### PROVIDED MATERIAL
--- START ---

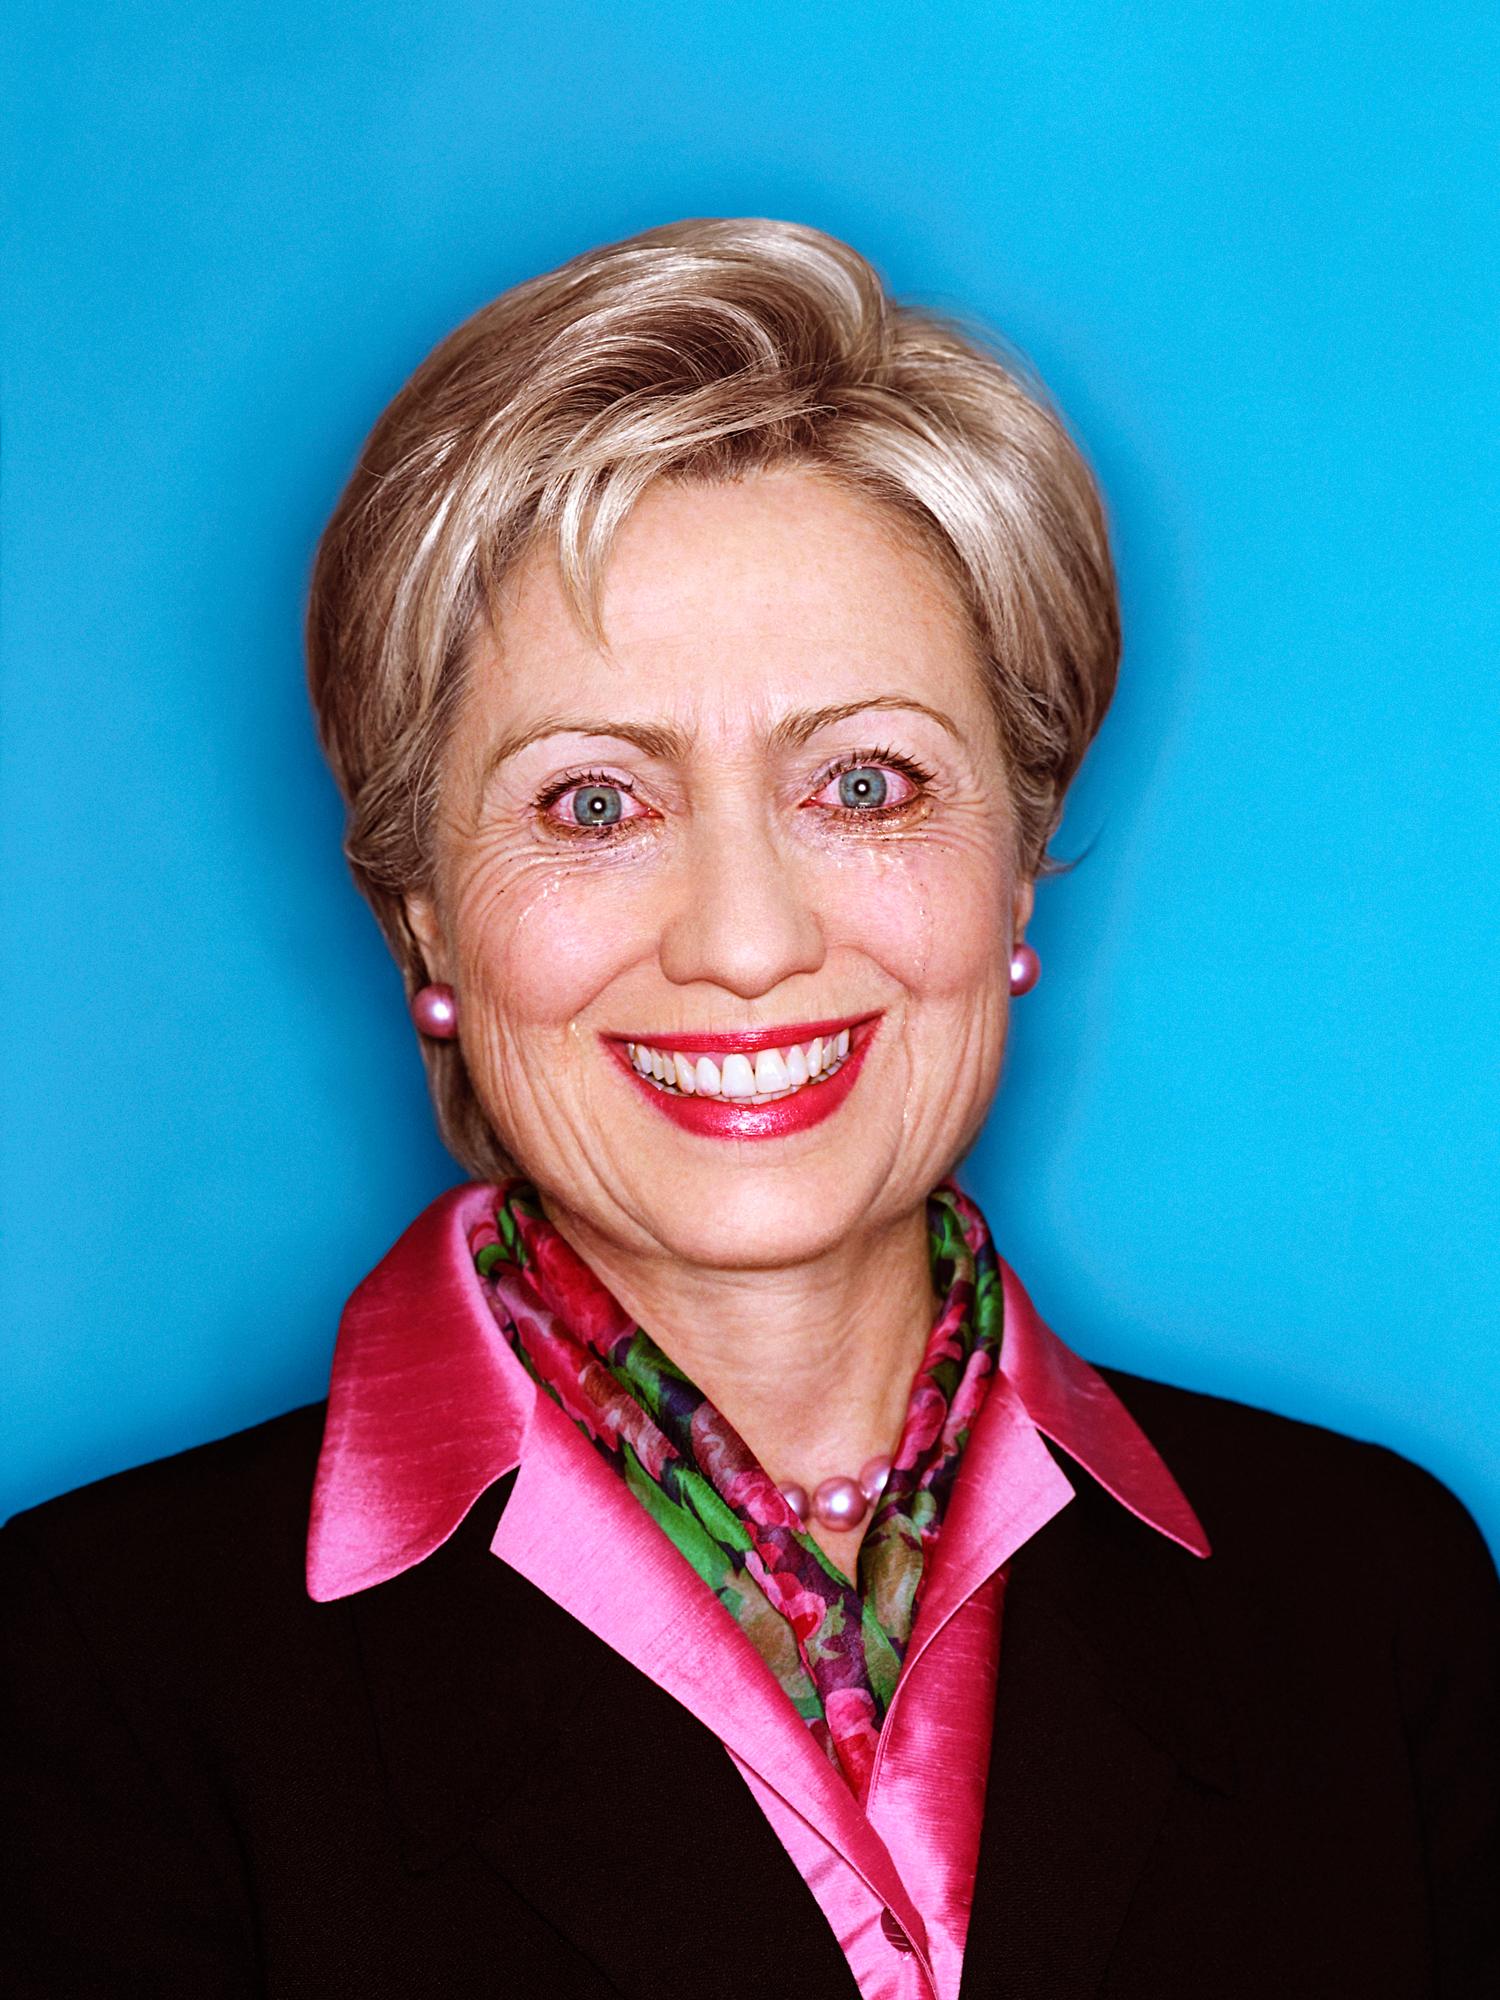 David LaChapelle Color Photograph - Hillary Clinton: Politicians Paradox
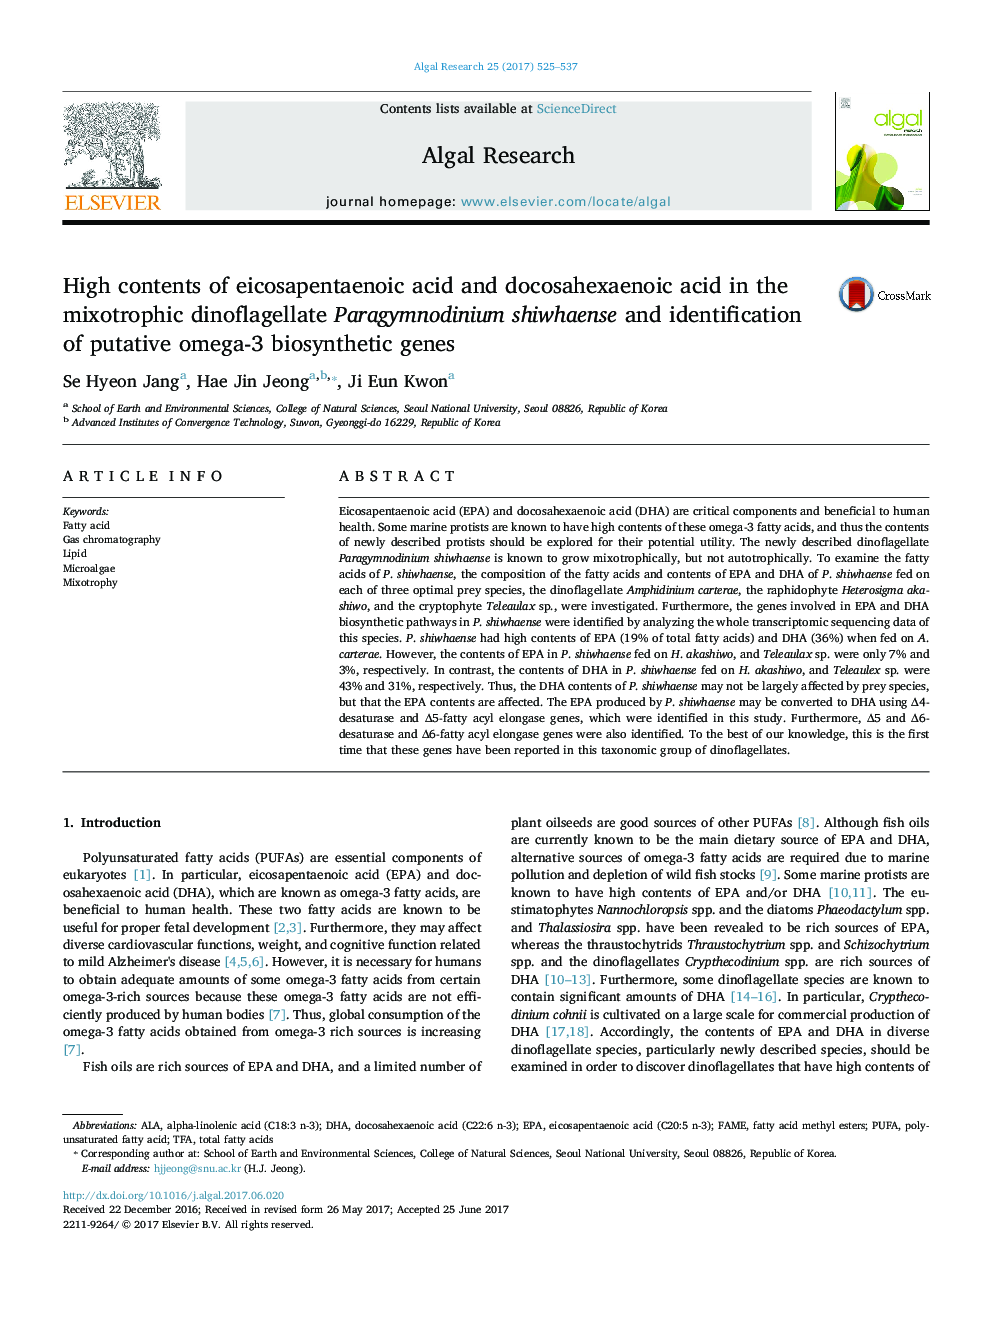 High contents of eicosapentaenoic acid and docosahexaenoic acid in the mixotrophic dinoflagellate Paragymnodinium shiwhaense and identification of putative omega-3 biosynthetic genes
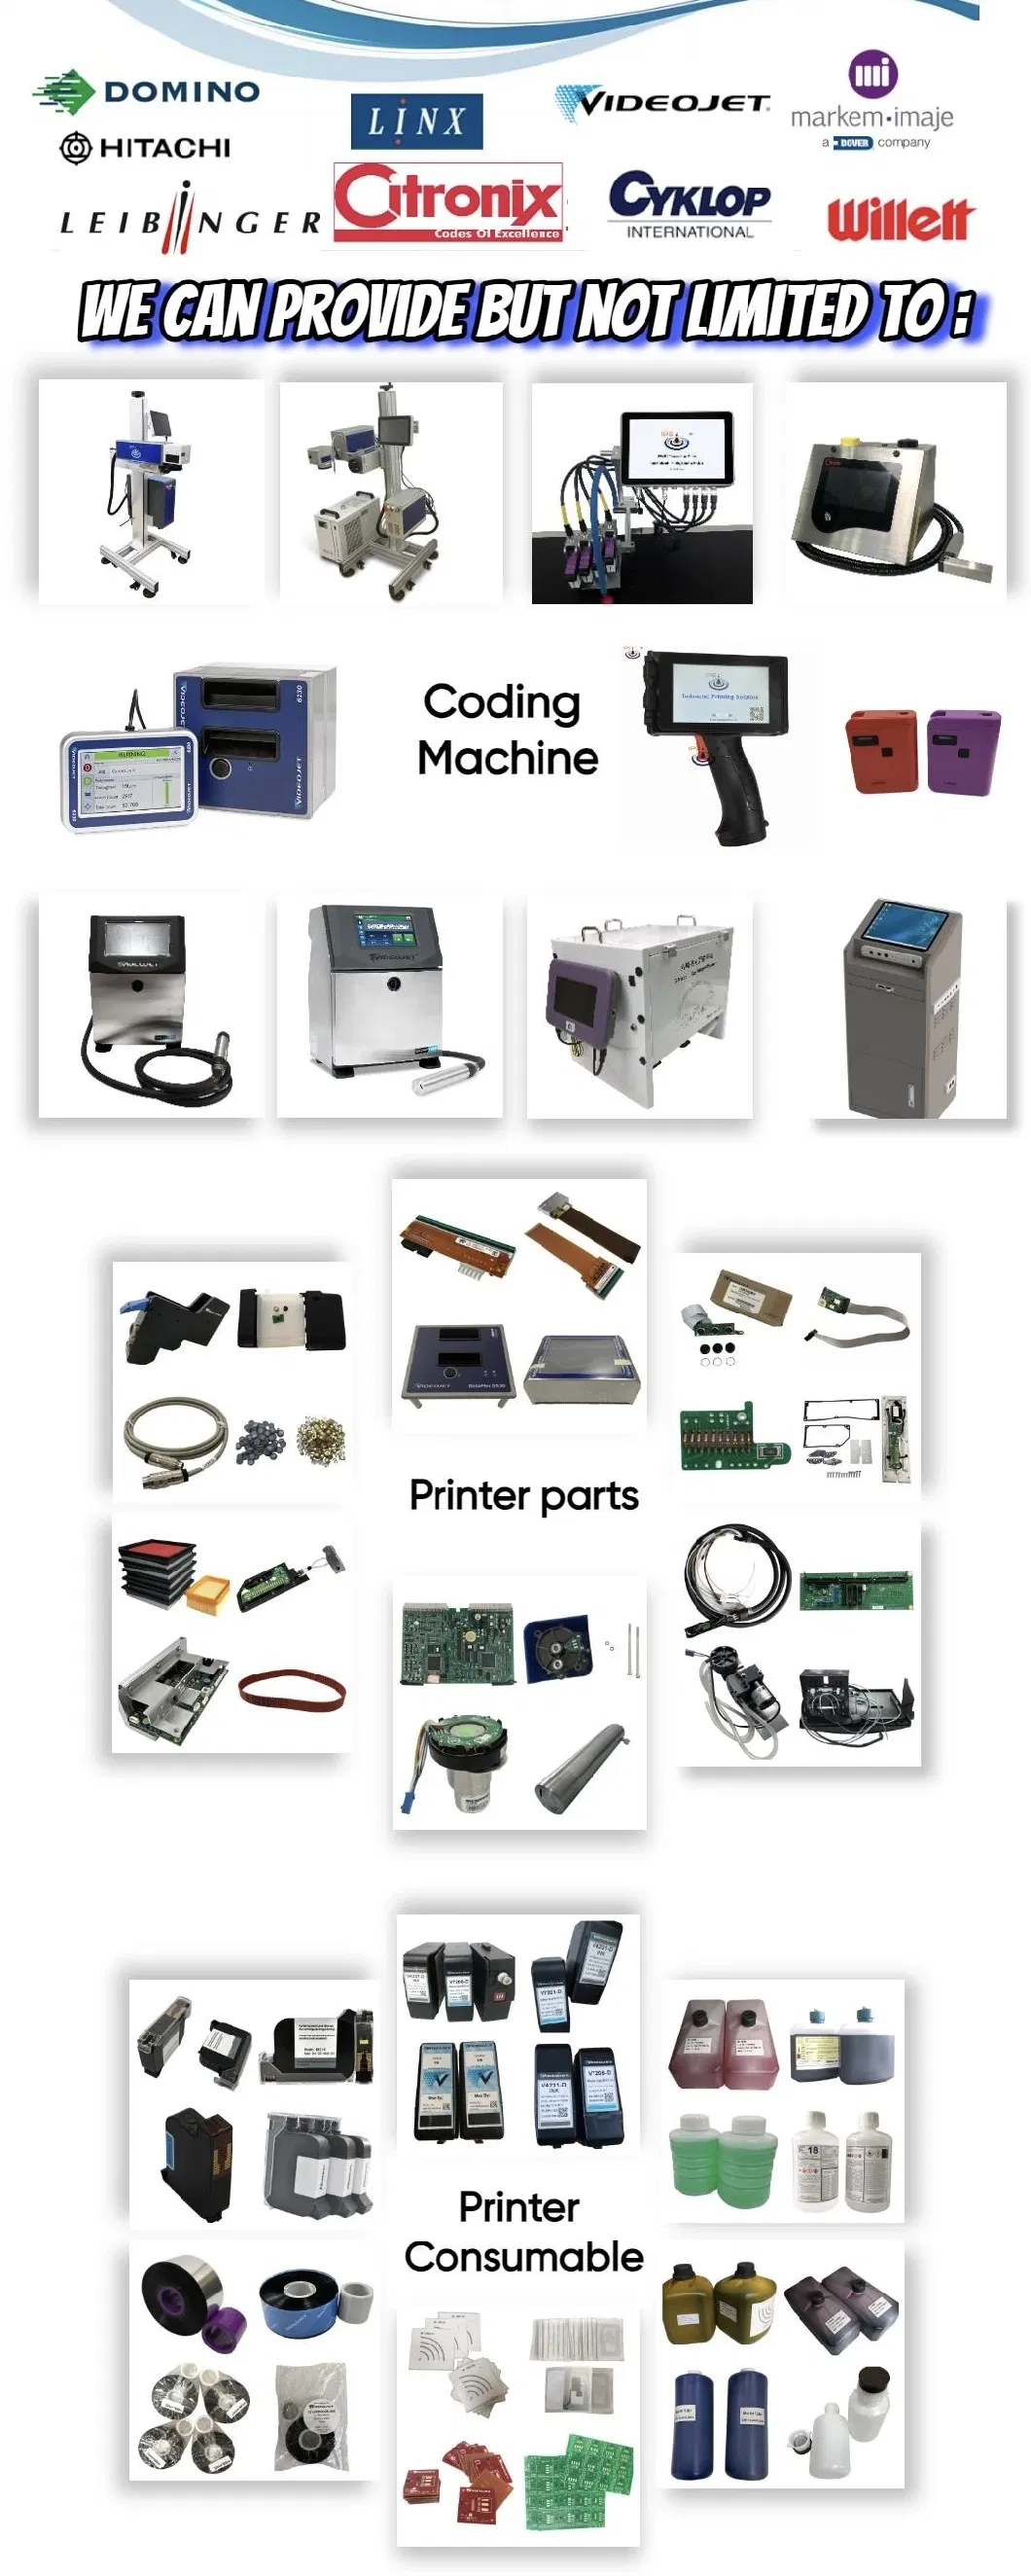 Original Videojet Thermal Transfer Over Printer 6530 6330 53mm/106mm Coding for Labels, Flexible Packaging

--- END ---

Every line above is to be given again exactly, apart from the pictures.

 David LaChapelle Color Photograph - Hillary Clinton: Politicians Paradox
 High contents of eicosapentaenoic acid and docosahexaenoic acid in the mixotrophic dinoflagellate Paragymnodinium shiwhaense and identification of putative omega-3 biosynthetic genes
 Original Videojet Thermal Transfer Over Printer 6530 6330 53mm/106mm Coding for Labels, Flexible Packaging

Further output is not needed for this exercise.